We note that this message appeared after I ran the command manually one more time. When the loop exited, there was no disconnect yet.

Without the UPS hat

We try again without the UPS hat just to rule out anything fishy going on with it.

Sure enough, the same thing happens after 2 hours 45 minutes.

Ledger support

We opened a case with Ledger.

They advised to try:

- Disconnect and reconnect your device
- Use another USB2.0 port
- Change your cable to another USB2.0 data cable and the original Ledger cable
- Retry on another PC

I also ordered a Raspberry Pi 4 to see whether USB is more reliable than the current Raspberry Pi 3.

Raspberry Pi 4

We ordered a Raspberry Pi 4, I just extracted and inserted the SD card into the new Pi, and everything just worked.

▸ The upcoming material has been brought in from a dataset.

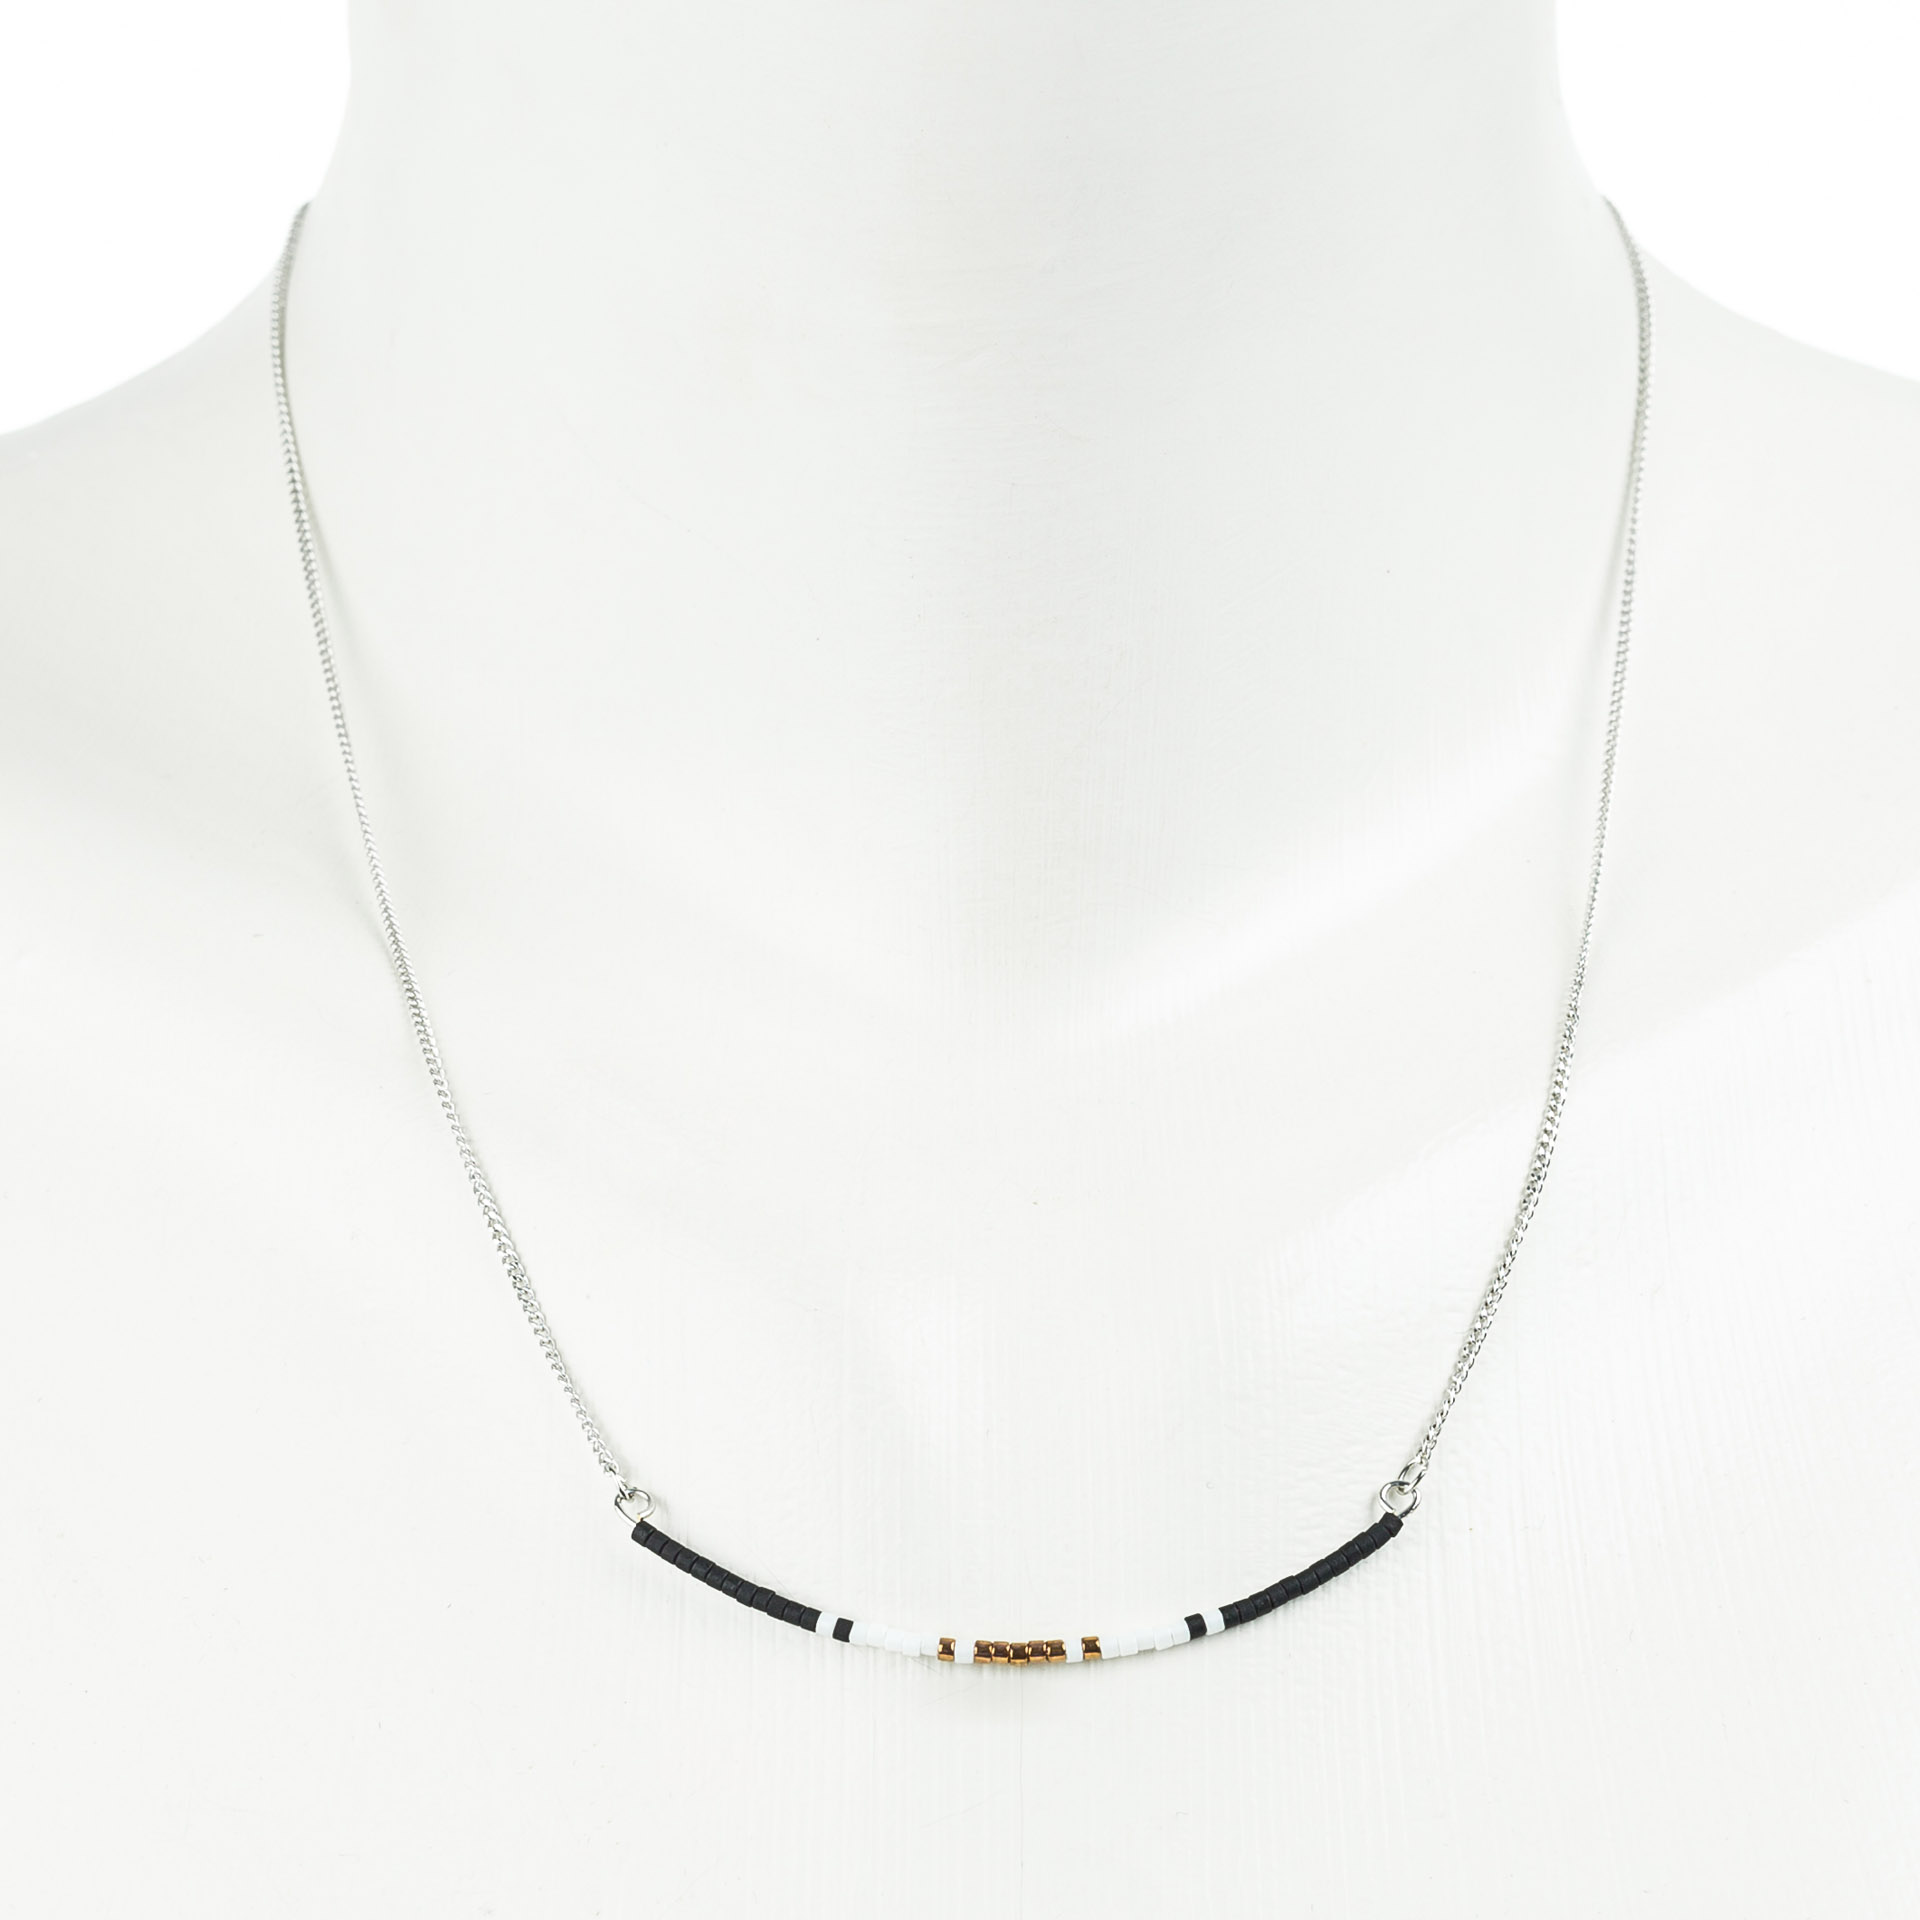 "Petite Beads" feine kurze Metallkette mit japan. Rocaillesperlen, schwarz-weiß, silberfarben

We connected the Ledger to the USB 3 port, then ran the same test:

while tezos-signer get ledger authorized path for ledger_tezos; do sleep 5; done | ts | tee /tmp/ledgertest.txt

It has been running now for 24 hours and has not failed.

Finally

We ordered another Raspberry Pi 4 so both our signers will never loose connectivity to their Ledger again ! Thanks for reading.